Andrew Doyle, chairman of the Joint Oireachtas Committee on Agriculture, Food and the Marine, says Ireland can make a compelling argument for re-entry into sugar production. If it was produced at home it would not only cut down on transport costs, but would also provide a product with a plethora of secondary uses such as animal feed and crop rotation. “This is a key raw material that we can’t be obliged to import for ever more.”

In July the joint committee heard proposals from Beet Ireland and the sugar biorefinery group, both of which had compiled feasibility studies on a return to the industry. The latter estimates the revival would create as many as 5,000 jobs in the southeast, a prediction that has since been adapted as part of Sinn Féin’s job creation plan.

According to the feasibility study, 500 of those jobs would come from the construction of the new plant. When Greencore left the business in 2006 it took with it the infrastructure for sugar production and the Government has since made it clear that any venture to develop a facility would have to be financed in total by investors and interested parties to be viable.

Beet Ireland claims to have investors lined up for the construction of a new facility, which is estimates will cost about €400 million. Michael Hoey, the group’s chairman, says a “major investor” has already agreed to come on board, but there are also “a number of smaller investors that know this will be a very successful industry to bring back”. Their model will also include a co-operative element whereby beet growers pay for their quotas in the form of a bond.

Hoey believes a revitalised sugar beet industry will contribute to Ireland’s food exports, one of the few areas of the economy currently performing well. He says it’s in Europe’s interest to allow Ireland back into the market and adds that a proposed bioethanol production facility at the plant would contribute towards EU renewable energy targets.

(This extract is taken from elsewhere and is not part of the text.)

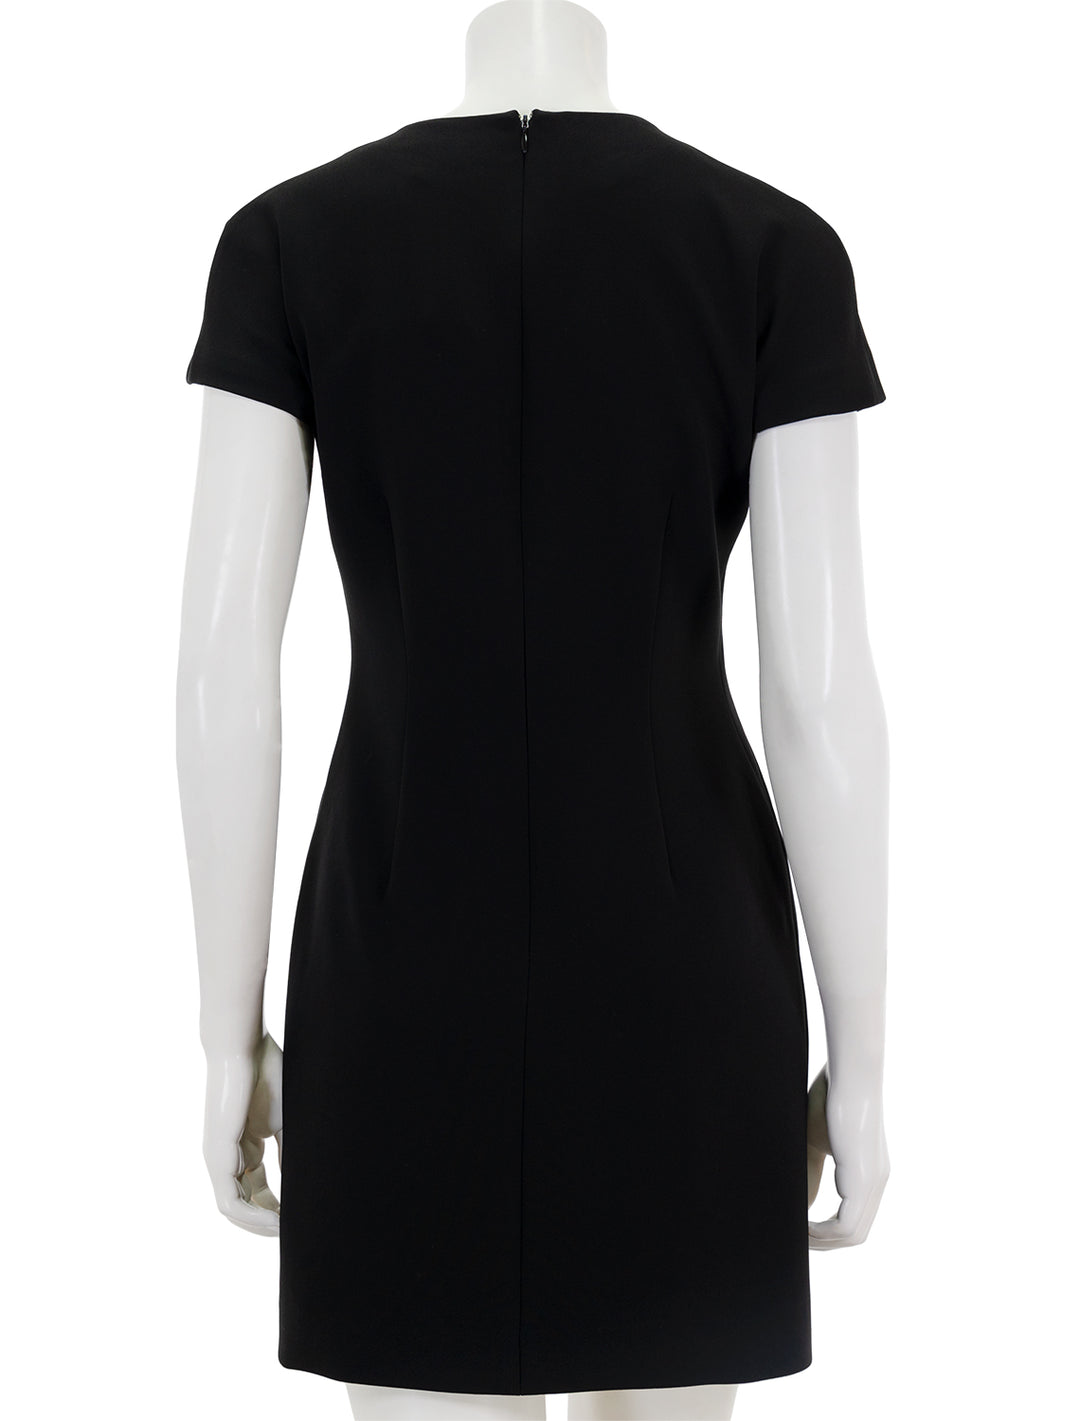 Back view of Theory's dolman short sleeve admirable crepe dress in black.

But the European resistance is political, with EU member states that have benefited from the new regime lobbying to maintain the status quo beyond 2015. Last week at the farm council meeting in Brussels a majority of member states refused to back down on a demand that the commission extend sugar quotas until 2020.

Ireland against

Fourteen member states want to see quotas prolonged. Ireland is among a minority against the proposal, as is Slovenia, which last week said an extension would be “totally unacceptable”. It, too, wants to re-enter the now booming sugar industry and has said if the quotas are not lifted, there should be “an appropriate solution for those member states that had abolished their sugar beet production”.

For Mairéad McGuinness MEP, this means offering Ireland a quota to allow it back into the market. Although she acknowledges that Ireland accepted compensation to withdraw from the market and, as such, has no strong claim for re-entry, she says “we’re making very small steps” towards future inclusion.

Negotiations may become more complicated next year when Ireland holds the EU presidency and won’t want to appear to act disproportionately in its own interest. But nonetheless McGuinness remains “more optimistic than I have been in the past”.

Bittersweet end Sugar infrastructure gone

In 2006 Greencore plc accepted EU compensation to relinquish its sugar quota and in effect brought the Irish sugar industry to an end.

According to the CSO, sugar beet was worth €60 million to the Irish economy in 2005. Beet Ireland estimates we spend €200 million a year on sugar imports.

Although farmers still grow the crop for fodder, there is no longer any sugar infrastructure in Ireland. Estimates suggest a new production facility will cost between €350 and €400 million and create as many as 5,000 jobs.

Sugar sells for between €700 and €800 a tonne, well above the minimum price of €500 a tonne at which Irish production is viable.

The Government has voiced its support for proposals to re-establish the industry if investors provide the capital for the new facility.

The task now for Irish politicians is to convince Europe to either abolish quotas in 2015, as originally planned, or grant Ireland a quota if the regime is to be extended.

Beet Ireland is looking for 250,000 tonnes. The total European quota is 13.3 million tonnes.